Soils under reduced
conditions have a high Eh value, and oxidized soils have a low Eh value. Reduced
conditions often occur in water-logged soils while aerated soils are under oxidizing
conditions. Oxidation and reduction (redox) reactions occur simultaneously in the soil-water system. A redox reaction can be considered a pair of coupled half-reactions, namely a half-reaction of oxidation and a half-reaction of reduction. Both half reactions involve the transfer of electrons between the chemical species in the system. The half-reaction of oxidation results in a net loss of electrons from one species, and the half-reaction of reduction a net gain of the same number of electrons by another species. The species losing electrons in the half-reaction of oxidation is the reducing agent since it causes reduction of the other species. Similarly, the species gaining electrons in the half-reaction of reduction is the oxidizing agent since it causes oxidation of the other species. For example in the two half-reactions:
Zn(s) => Zn2+(aq) + 2e-
Cu2+(aq) + 2e- => Cu(s)
Zn(s) is oxidized and causes reduction of Cu2+(aq) and therefore is the reducing agent. Cu2+(aq) is reduced and causes oxidation of Zn(s) and therefore is the oxidizing agent. It is clear that if these half-reactions were reversed these roles would be reversed.
The readiness with which a species gains electrons in a half-reaction of reduction is measured by the Standard Reduction Potential (Eh°) in volts. The higher the Eh° value the more susceptible the species is to being reduced. A half-reaction of reduction with a given Eh° value can therefore be coupled to another half-reaction of reduction with a lower Eh° value to form a redox pair. The Eh of the redox pair is the difference of the Eh° values of the two half-reactions of reduction. For example, for
Cu2+(aq) + 2e- => Cu(s) , Eh° = +0.34 V
Zn2+(aq) + 2e- => Zn(s) , Eh° = -0.76 V
The Eh of the redox couple is +0.34 V - (-0.76 V) = + 1.10 V. The positive value indicates that this reaction will occur spontaneously.

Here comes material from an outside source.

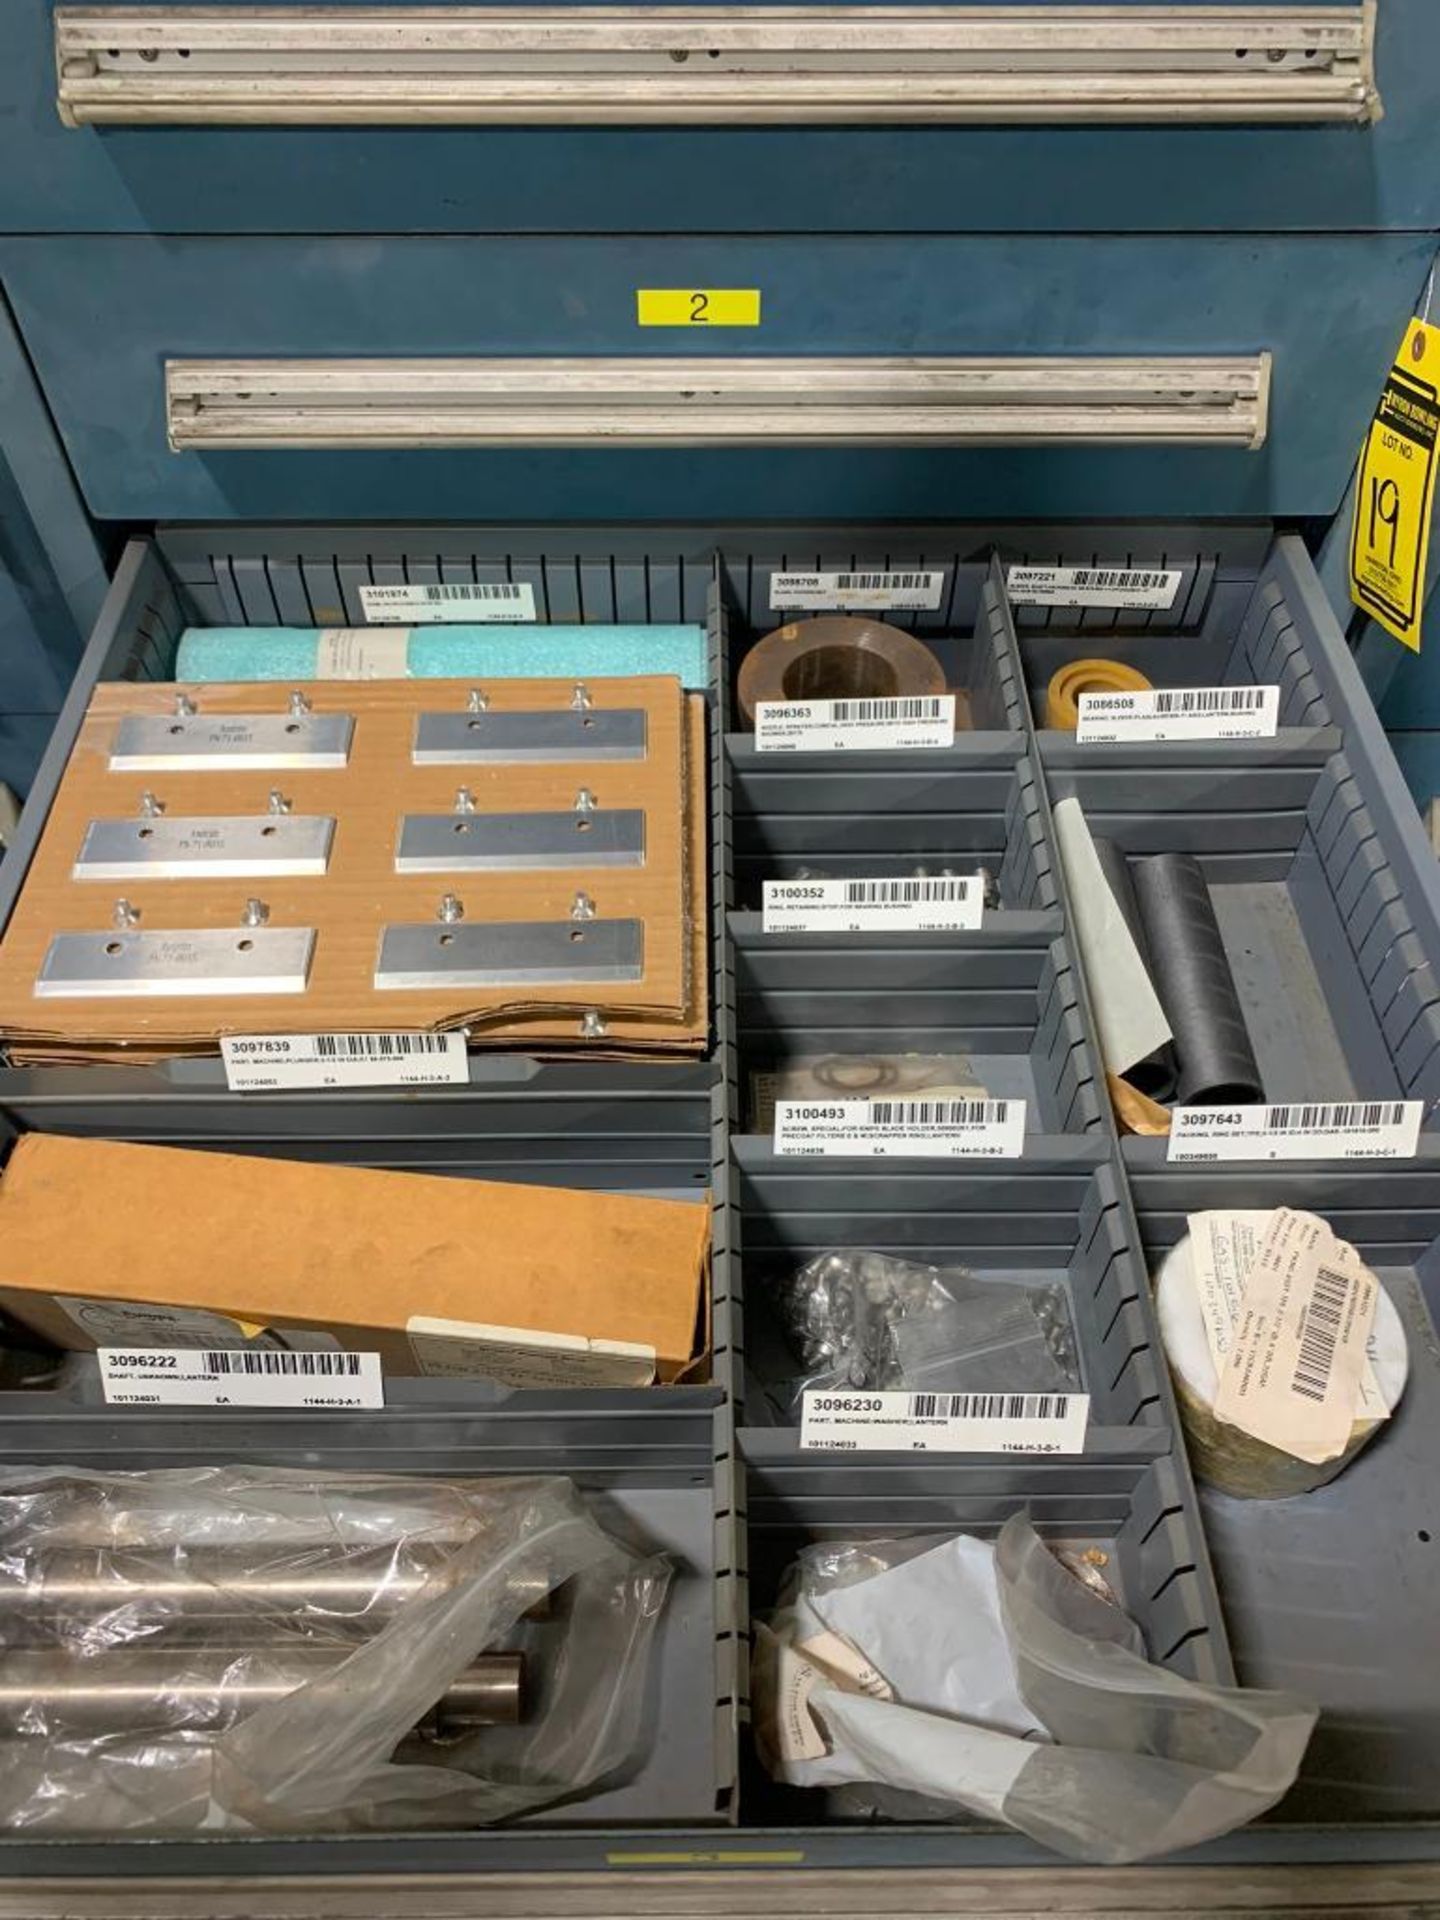 Stanley Vidmar 8-Drawer Cabinet w/ Assorted Switches, Burners, Ignitors, Analyzers, Plungers, Assort - Image 4 of 9

Elements often exist in more than one oxidation state in soils. The oxidation state of these elements depends on the redox status in the soil or the amount of electrons available in the soil.
Soils under reduced
conditions have a high Eh value, and oxidized soils have a low Eh value. Reduced
conditions often occur in water-logged soils while aerated soils are under oxidizing
conditions.
Fixation of elements in the soil depends on the Eh and pH of the soil. Eh-pH diagrams can provide information on the potential fixation of elements in the soil. From these diagrams one can estimate if soil conditions are conducive to fixation. Caution must be taken when apply these diagrams directly to a soil system. The Eh that is observed in the soil is also influenced by water content of the soil, oxygen concentration in the soil, and soil pH. It may be necessary to create diagrams that directly relate to a specific soil system.
Figure 1: Eh-pH Diagram for Chromium-Water System at Standard State Conditions. Source: Dragun
Redox reactions can be important in altering the mobility and toxicity of inorganic and organic contaminants.
In saturated soils, oxygen is quickly depleted and microbes must utilize the next most favorable electron acceptor. Under these conditions, Mn and Fe-oxides are reduced to Mn2+ and Fe2+. As favorable electron acceptors are depleted, sulfate, SO42- is reduced to sulfide. Pollutants, especially heavy metals will precipitate out with sulfide causing them to no longer be soluble.
Chromium (Cr) can exist in the soil as Cr(III) which is stable and innocuous and Cr(VI) which is mobile and harmful. Mn(III/IV) naturally oxidizes Cr(III) to the toxic Cr(VI). Ferrous iron (Fe(II)), FeS and soil organic matter all have the capability to reduce Cr(VI) to the more stable Cr(III).
Plutonium exists in the +3 and +6 oxidation states. Pu(III) can be oxidized to the toxic and mobile Pu(VI) by Mn-oxides.
Mn-oxides can oxidize As(III) to the less toxic As(V).
Mn-oxides may also catalyze the oxidation of Co2+, Co3+, Cu2+, Ni2+, Ni3+, and Pb2+.
Organic contaminants can be naturally degraded by redox reactions. Mn and Fe-oxides can oxidize aromatic pollutants. The degradation depends on the electron donating power of the functional groups found on the aromatic ring. The greater the electron donating power, the easier they are oxidized.